W Sandomierzu dochodzi do brutalnego morderstwa. Śledztwo prowadzi prokurator Teodor Szacki (Robert Więckiewicz), przy pomocy oficera policji (Jerzy Trela) oraz miejscowej pani prokurator (Magdalena Walach).
Muszę zaznaczyć, że nie czytałam wcześniej książkowego pierwowzoru. Tak więc mamy tajemnicę, wiarę(niewiarę) w legendy, rytualne morderstwo, surowego pana prokuratora. Wszystko pięknie, ładnie, osobiście do końca nie wiedziałam, kto jest sprawcą... No może wątek z Klarą (Aleksandra Hamkało) mało potrzebny. Dialogi świetnie skrojone, a cytat "To jest Polska, za coś musieli ją nienawidzić", czy metaforę o żółci na długo zapamiętam ;) Są jak na kryminał/thriller przystało zwroty akcji, niejednoznaczne sytuacje etc, etc. Dodatkowo świetnie ukazane są relacje prokurator-policja.

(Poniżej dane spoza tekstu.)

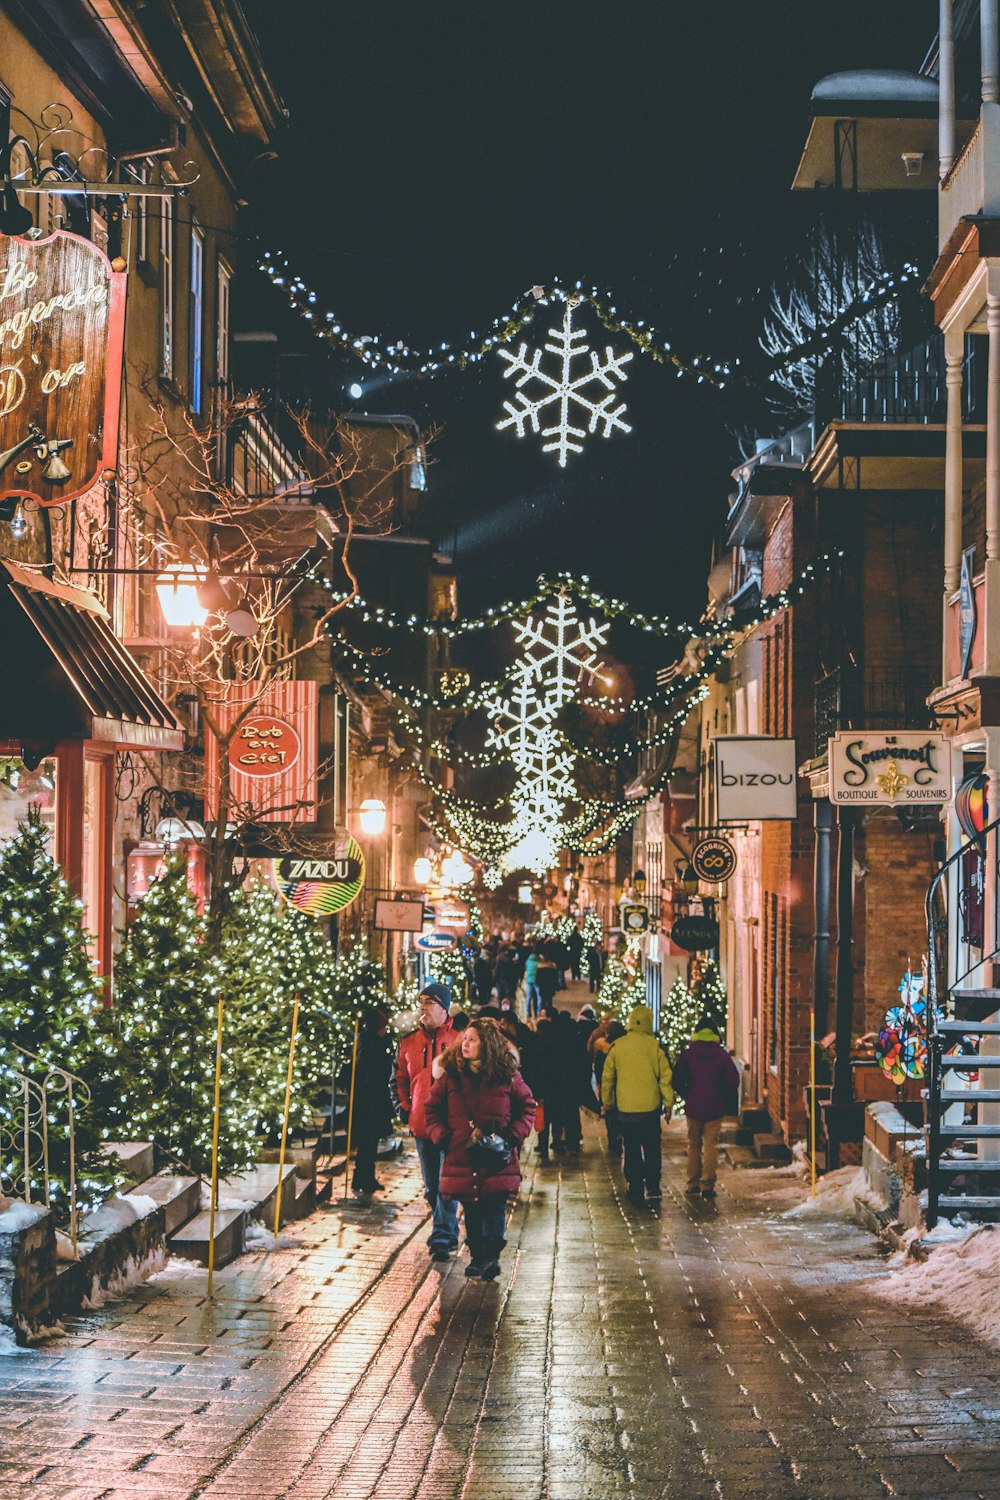 people walking on street near Christmas trees during night time

Bardzo za grę trzeba pochwalić przede wszystkim Krzysztofa Pieczyńskiego. Jego rola to istny majstersztyk. Przez to rola Więckiewicza jako surowego pana prokuratora blednie, ale i tak również jak zawsze pozytywnie. Jerzy Trela oczywiście z klasą, na plus również epizod Arkadiusza Jakubika. Kobiet w filmie prawie nie ma, jak już to role epizodyczne. Walach zagrała poprawnie i dalej nie jestem zbytnią fanką gry Aleksandry Hamkało, zwłaszcza w scenach "wyrażam emocje".
Strona wizualna prezentuje się bardzo dobrze, zdjęcia również. Ciekawa czołówka oraz pasująca klimatycznie muzyka Abela Korzeniowskiego.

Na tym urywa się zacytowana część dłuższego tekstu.